_YOUR OBJECTIVE_.
Dropping every picture, set down exactly the lines in the entries below, starting with the line with "Cartoon Network The" and going on through the line with "Worn deep blue floral tapestry pattern".

_SOURCE DATA_.
┌────────

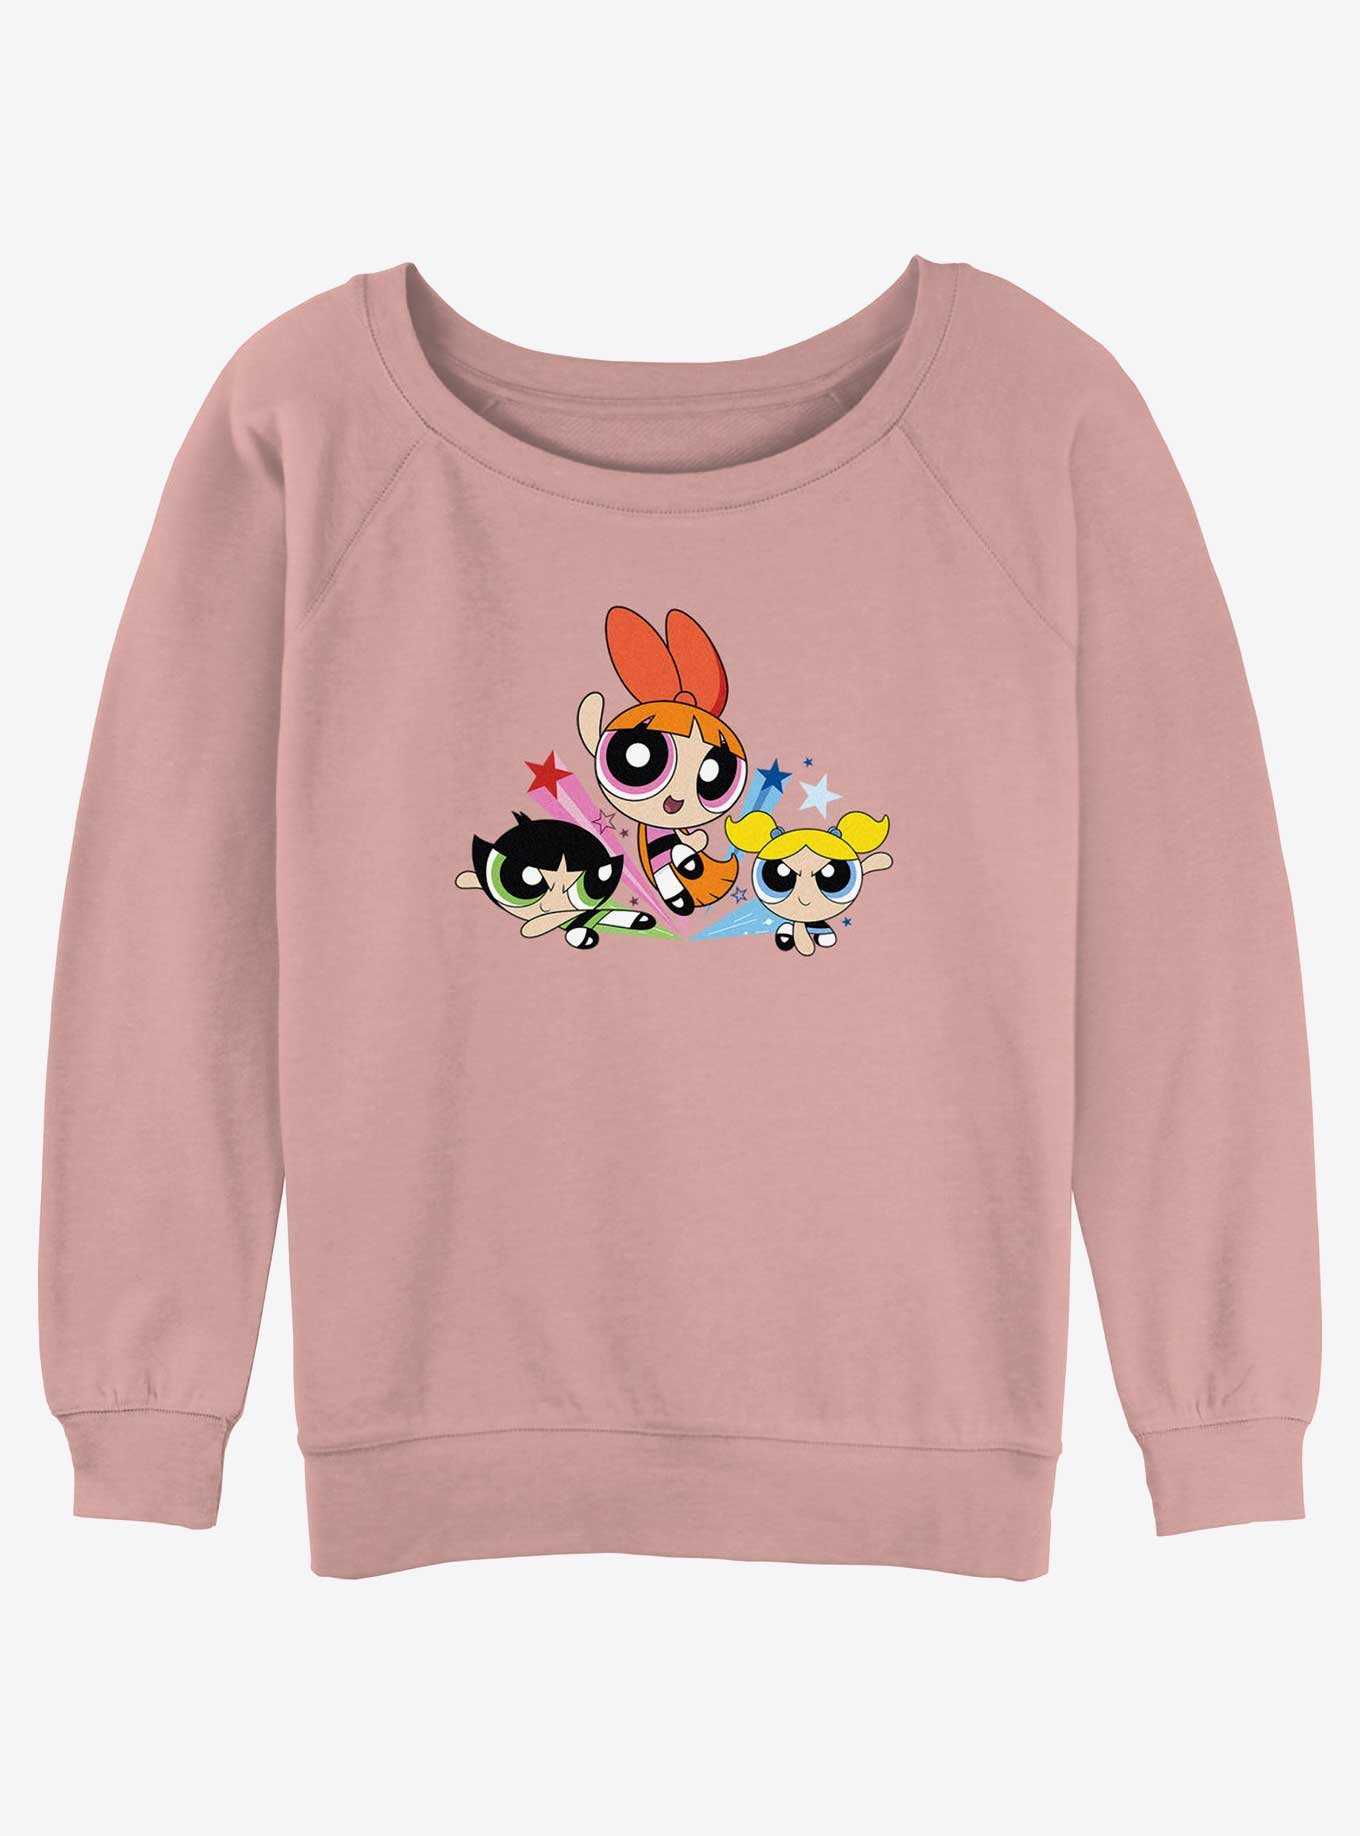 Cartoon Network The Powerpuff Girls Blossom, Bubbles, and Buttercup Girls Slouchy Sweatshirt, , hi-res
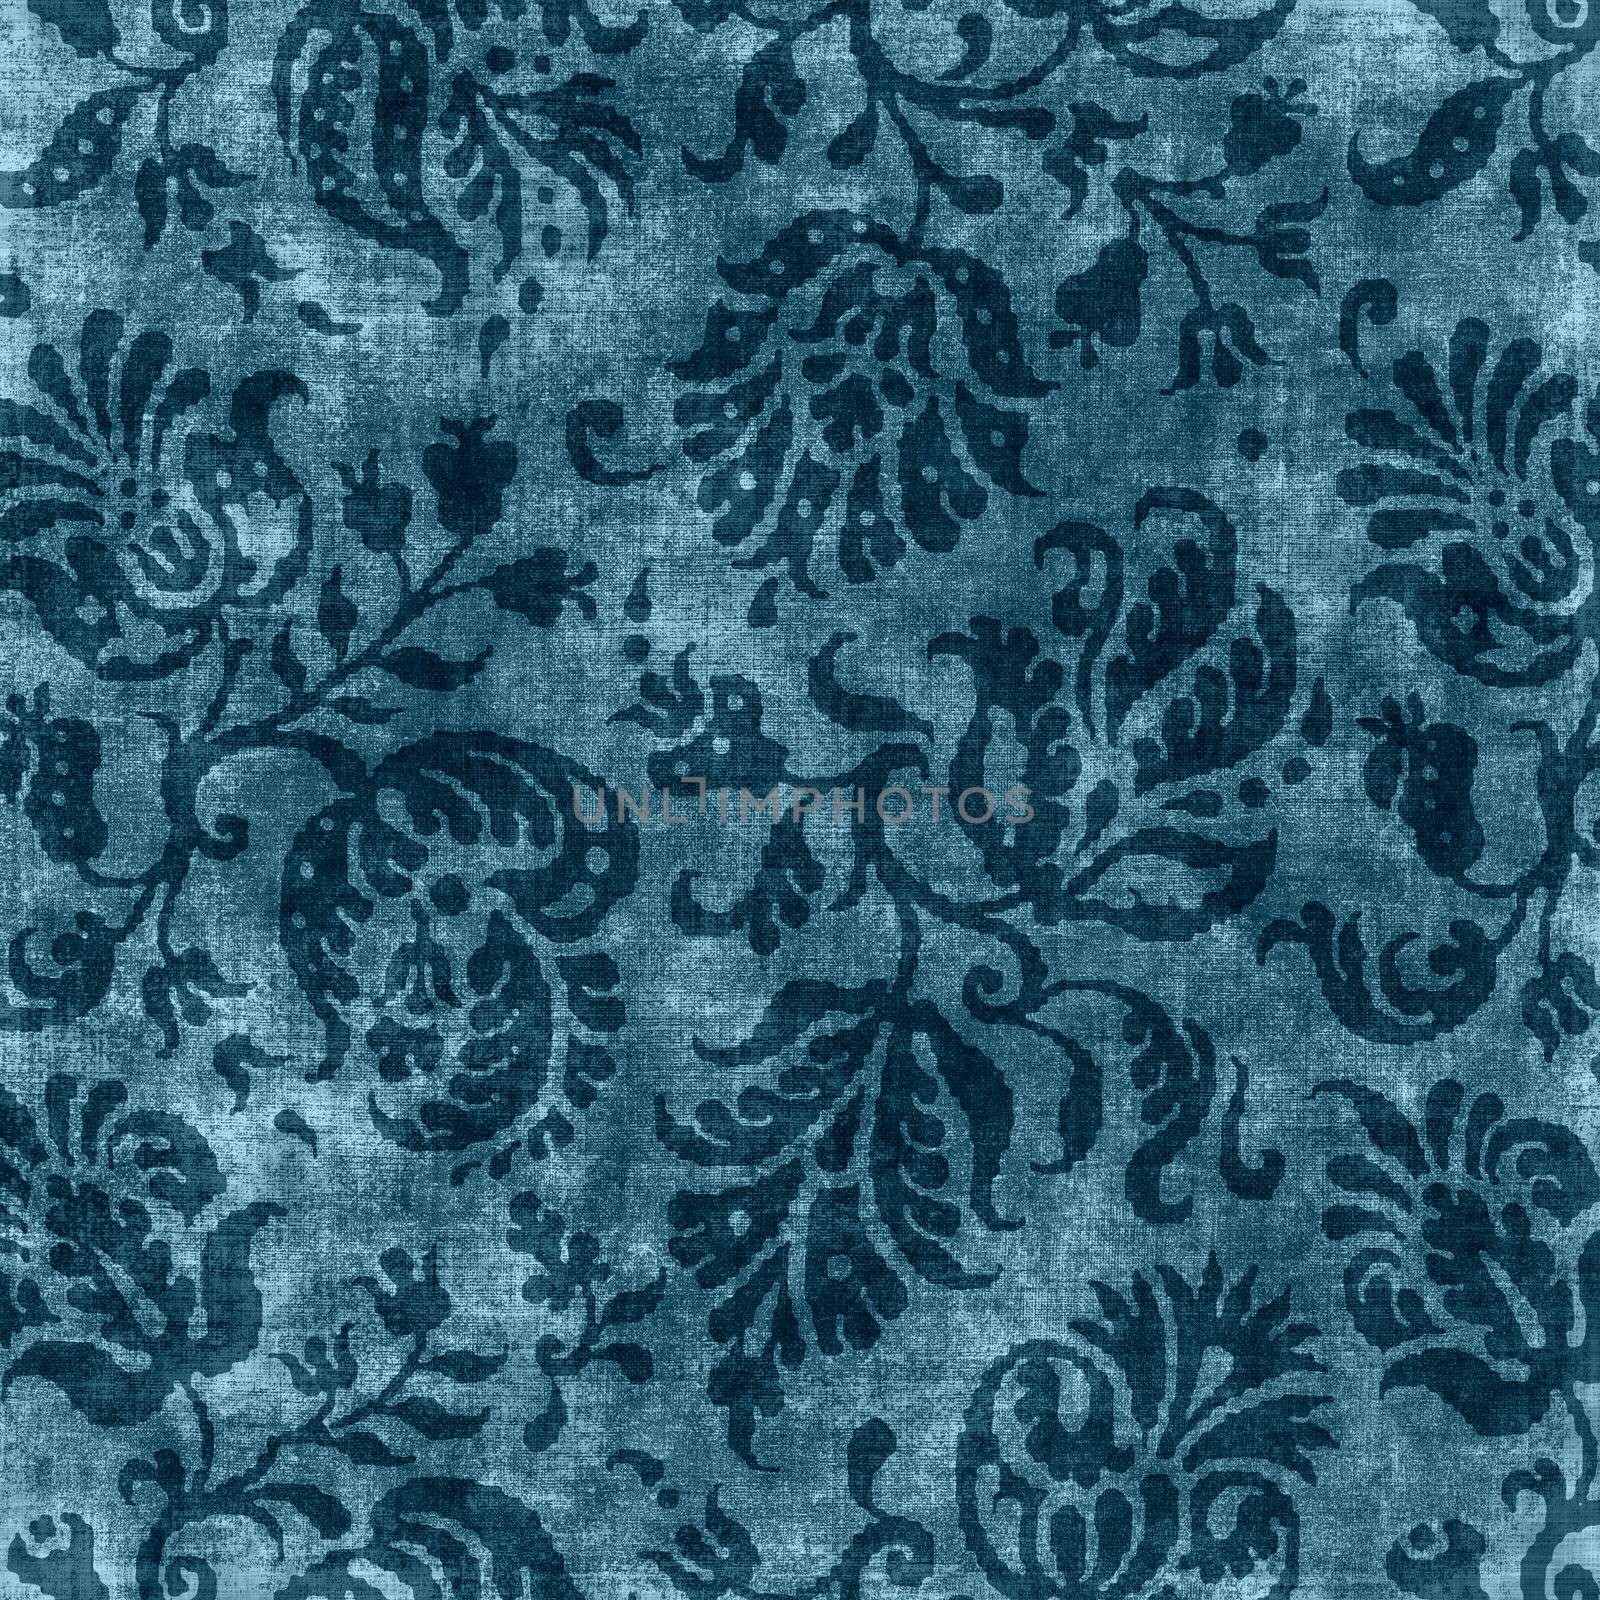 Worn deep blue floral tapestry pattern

└────────
┌────────

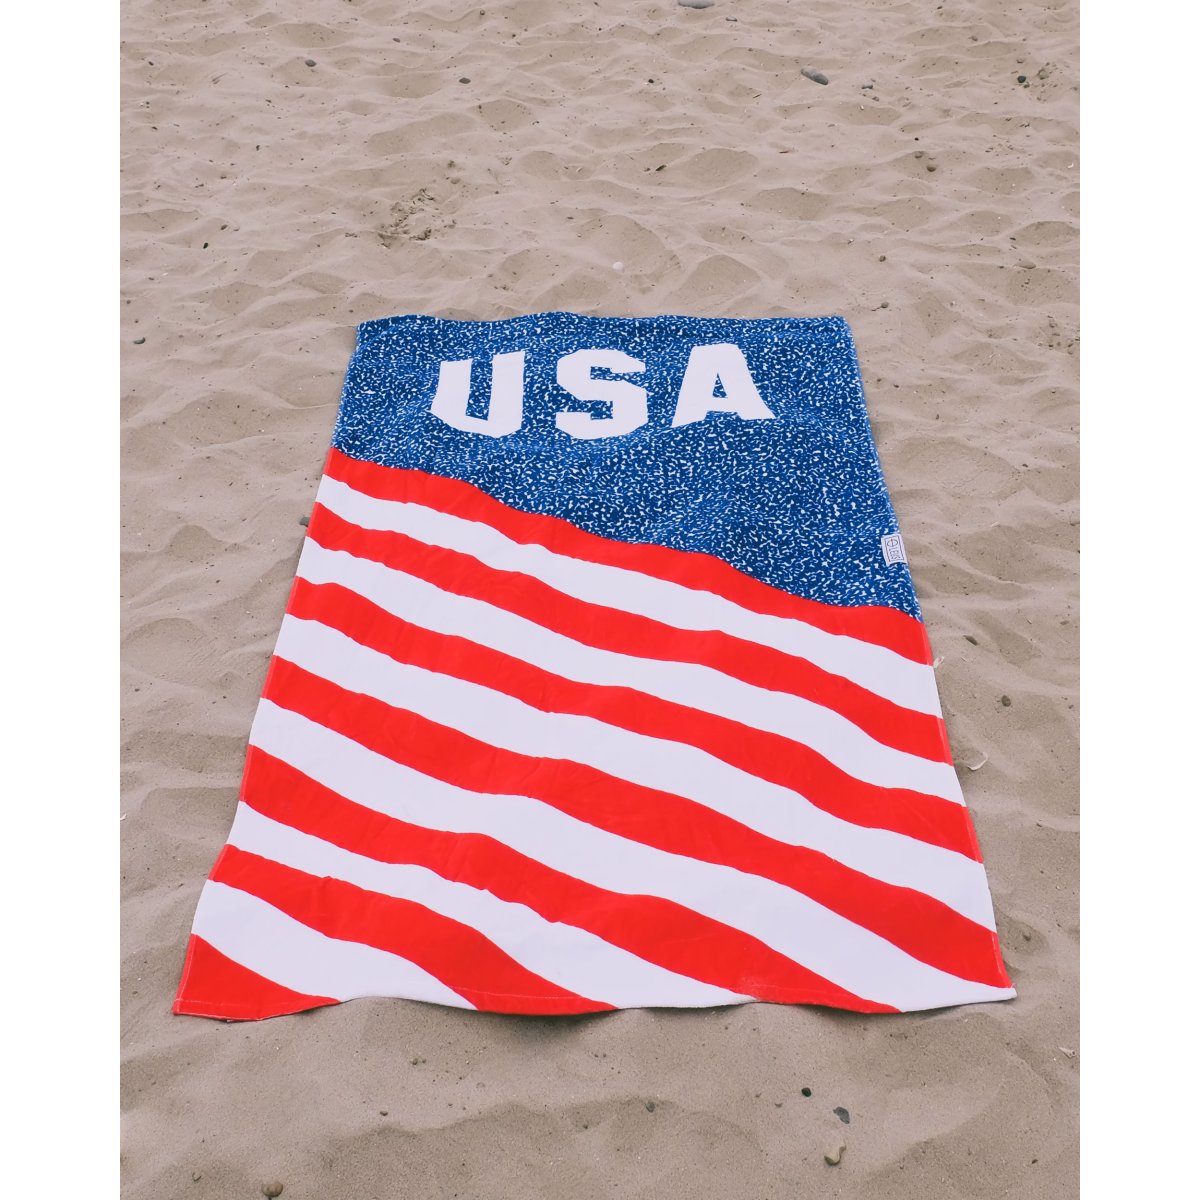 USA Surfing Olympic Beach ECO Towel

└────────
┌────────

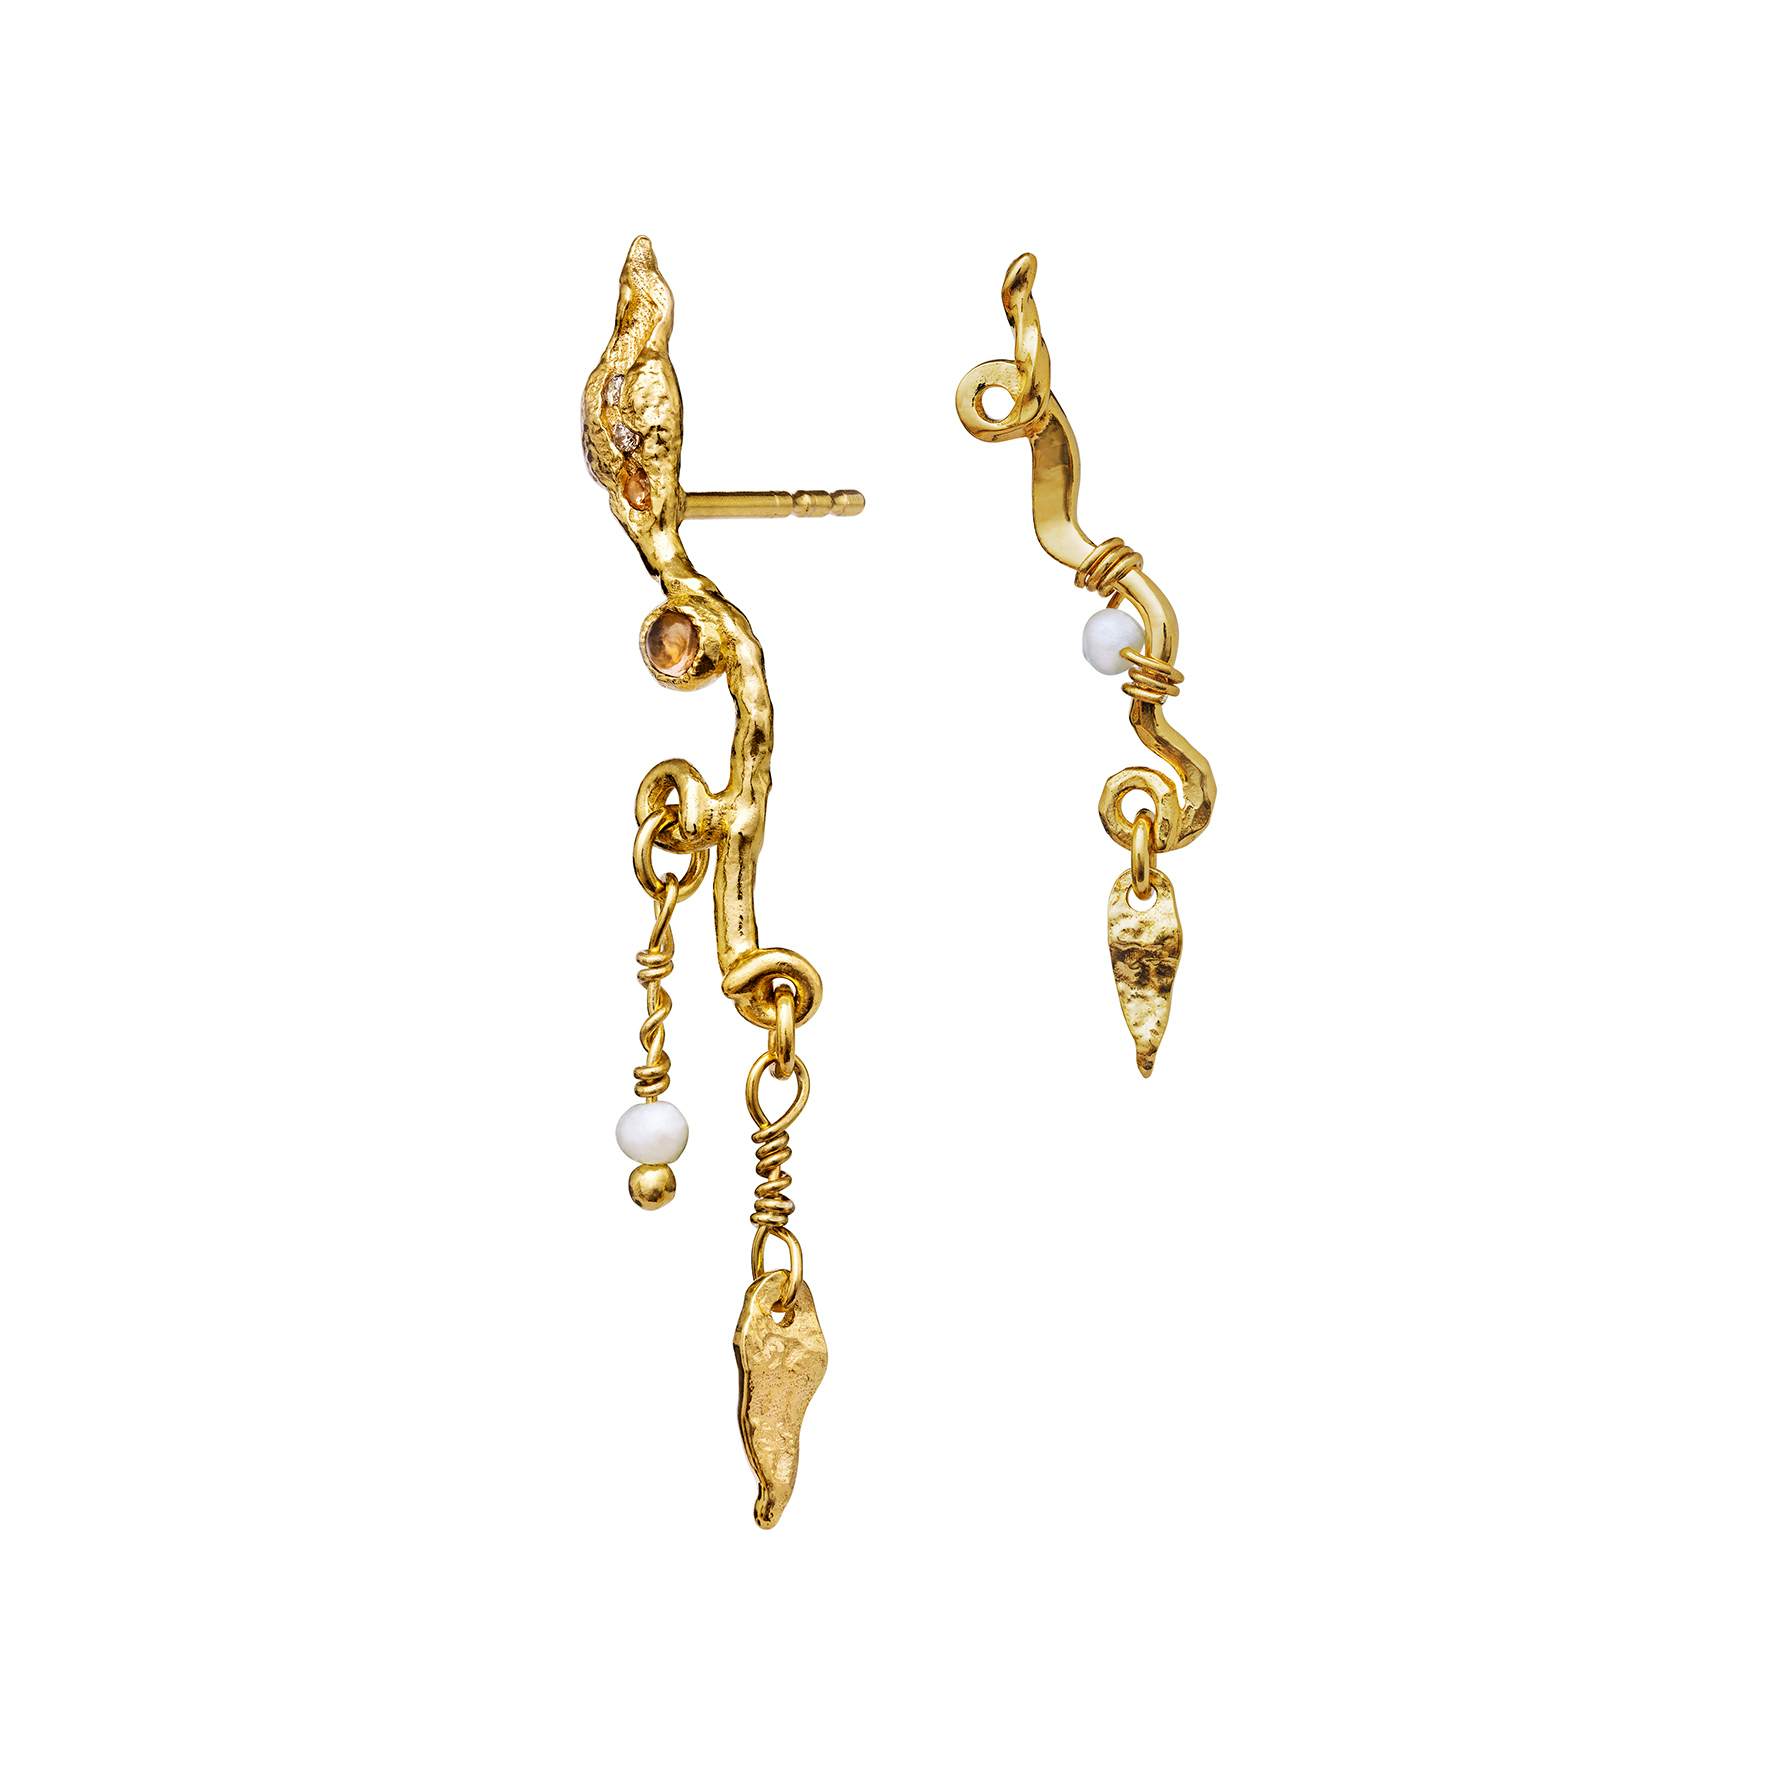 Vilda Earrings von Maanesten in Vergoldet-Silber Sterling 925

└────────

_TASK RESULT_.
 Cartoon Network The Powerpuff Girls Blossom, Bubbles, and Buttercup Girls Slouchy Sweatshirt, , hi-res
 Worn deep blue floral tapestry pattern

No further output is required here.